Juliana, from her early
youth, had a great veneration for the Blessed Sacrament, and
always longed for a special feast in its honour. This desire is
said to have been increased by a vision of the Church under the appearance
of the full moon having one dark spot, which signified the absence of such a solemnity. She made known
her ideas to Robert de Thorete, then Bishop of Liège, to the learned Dominican Hugh, later cardinal legate in the Netherlands, and to Jacques Pantaléon, at that
time Archdeacon of Liège, afterwards Bishop of Verdun, Patriarch of Jerusalem, and finally Pope Urban IV. Bishop
Robert was favourably impressed, and, since bishops as yet had the right of ordering feasts for their dioceses, he called a synod in 1246 and ordered the celebration to
be held in the following year, also, that a monk named John should write the Office for the occasion. The decree is preserved in Binterim (Denkwürdigkeiten, V, 1, 276),
together with parts of the Office.
Bishop Robert did not live to see
the execution of his order, for he died 16 October, 1246; but the feast was celebrated for the first time by
the canons of St.

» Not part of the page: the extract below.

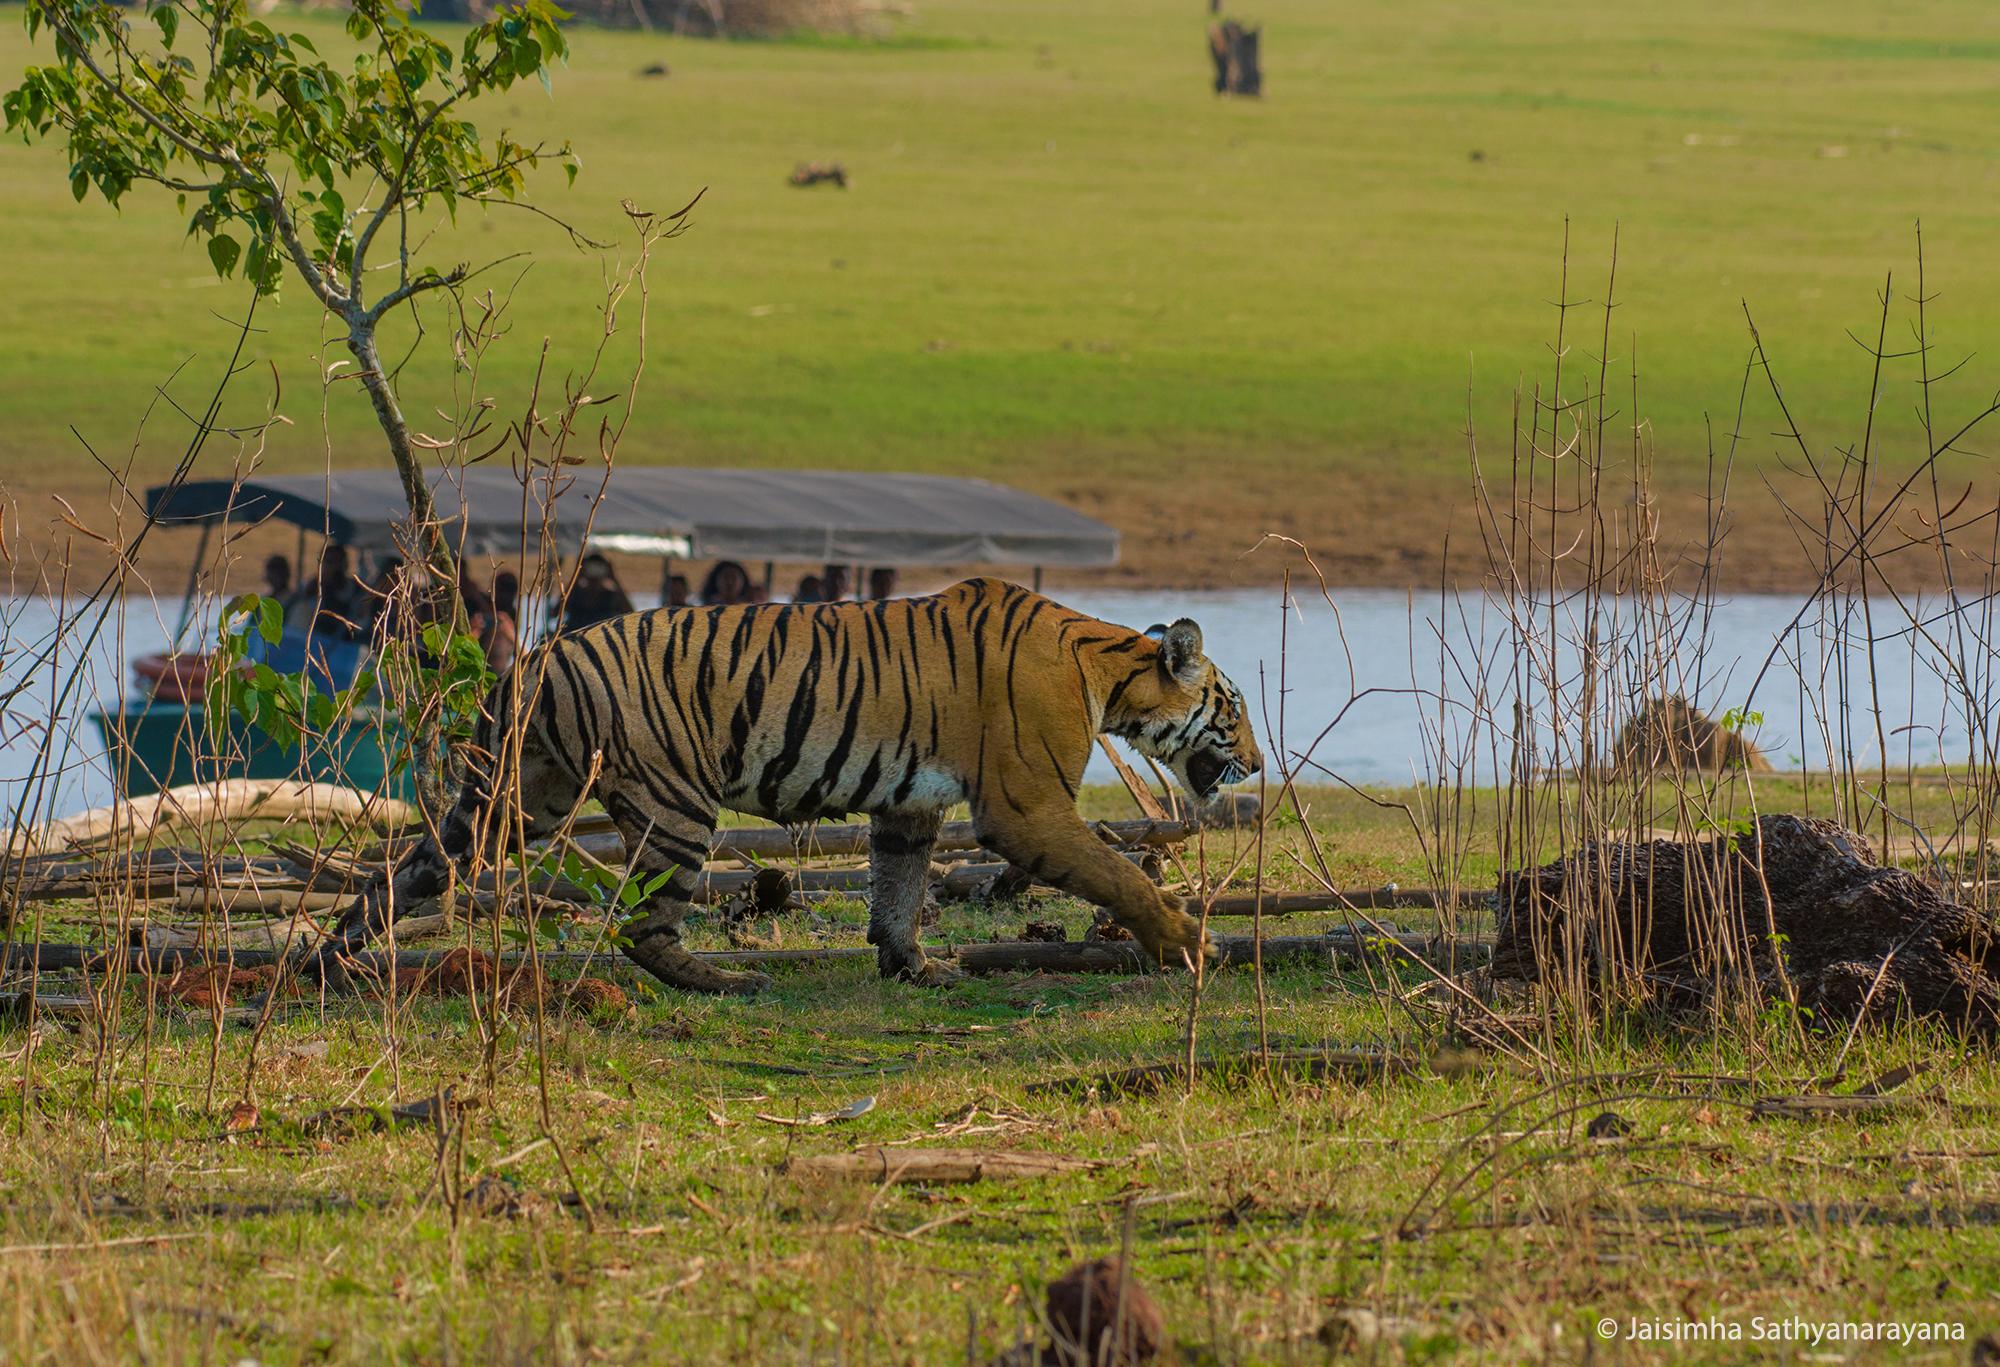 Tiger Kabini, Jaisimha Sathyanarayana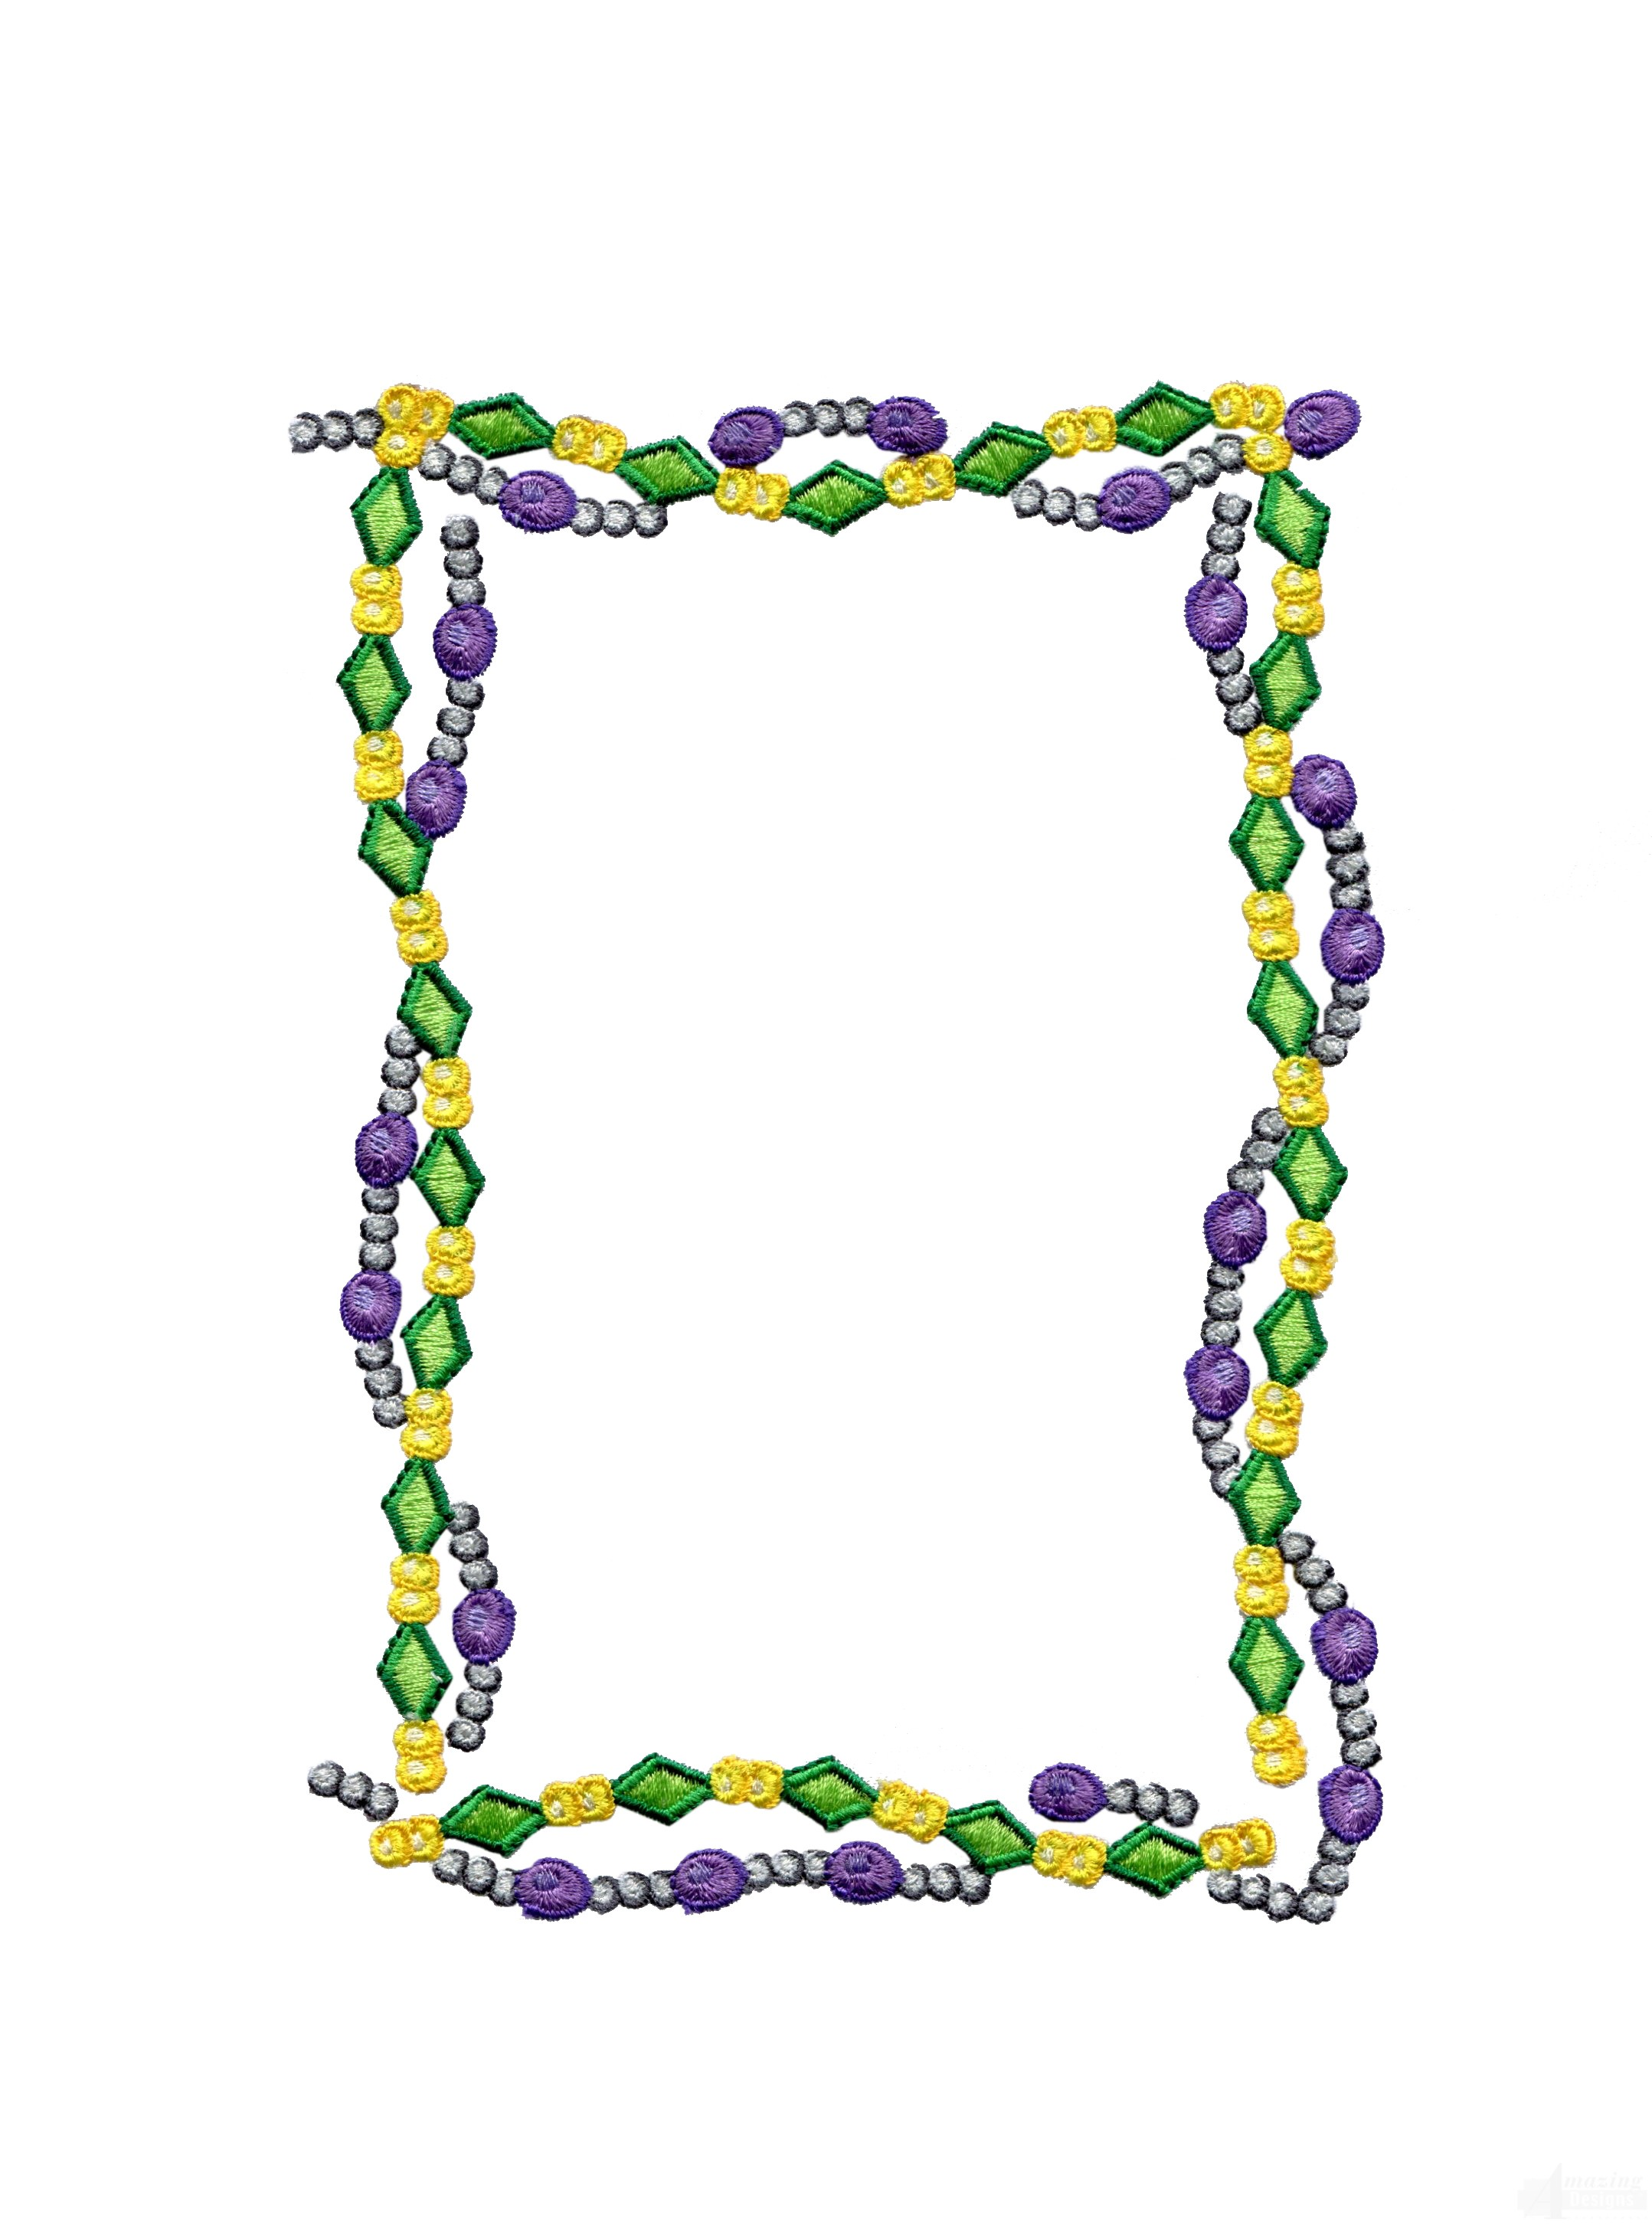 Mardi Gras Clip Art Borders

Martin at Liège. Jacques Pantaléon became pope 29 August, 1261. The recluse Eve, with whom Juliana had spent some time, and who was also
a fervent adorer of the Holy Eucharist, now urged
Henry of Guelders, Bishop of Liège, to request the pope to extend the celebration to the
entire world. Urban IV, always an
admirer of the feast,
published the Bull "Transiturus" (8 September,
1264), in which, after having extolled the love of Our Saviour as expressed in the Holy Eucharist, he ordered
the annual celebration of Corpus
Christi in the Thursday next after Trinity Sunday, at the
same time granting many indulgences to the faithful for the attendance at Mass and
at the Office. This Office, composed at the request of the pope by the Angelic Doctor St. Thomas Aquinas,
is one of the most beautiful in the Roman Breviary and has been admired even by Protestants.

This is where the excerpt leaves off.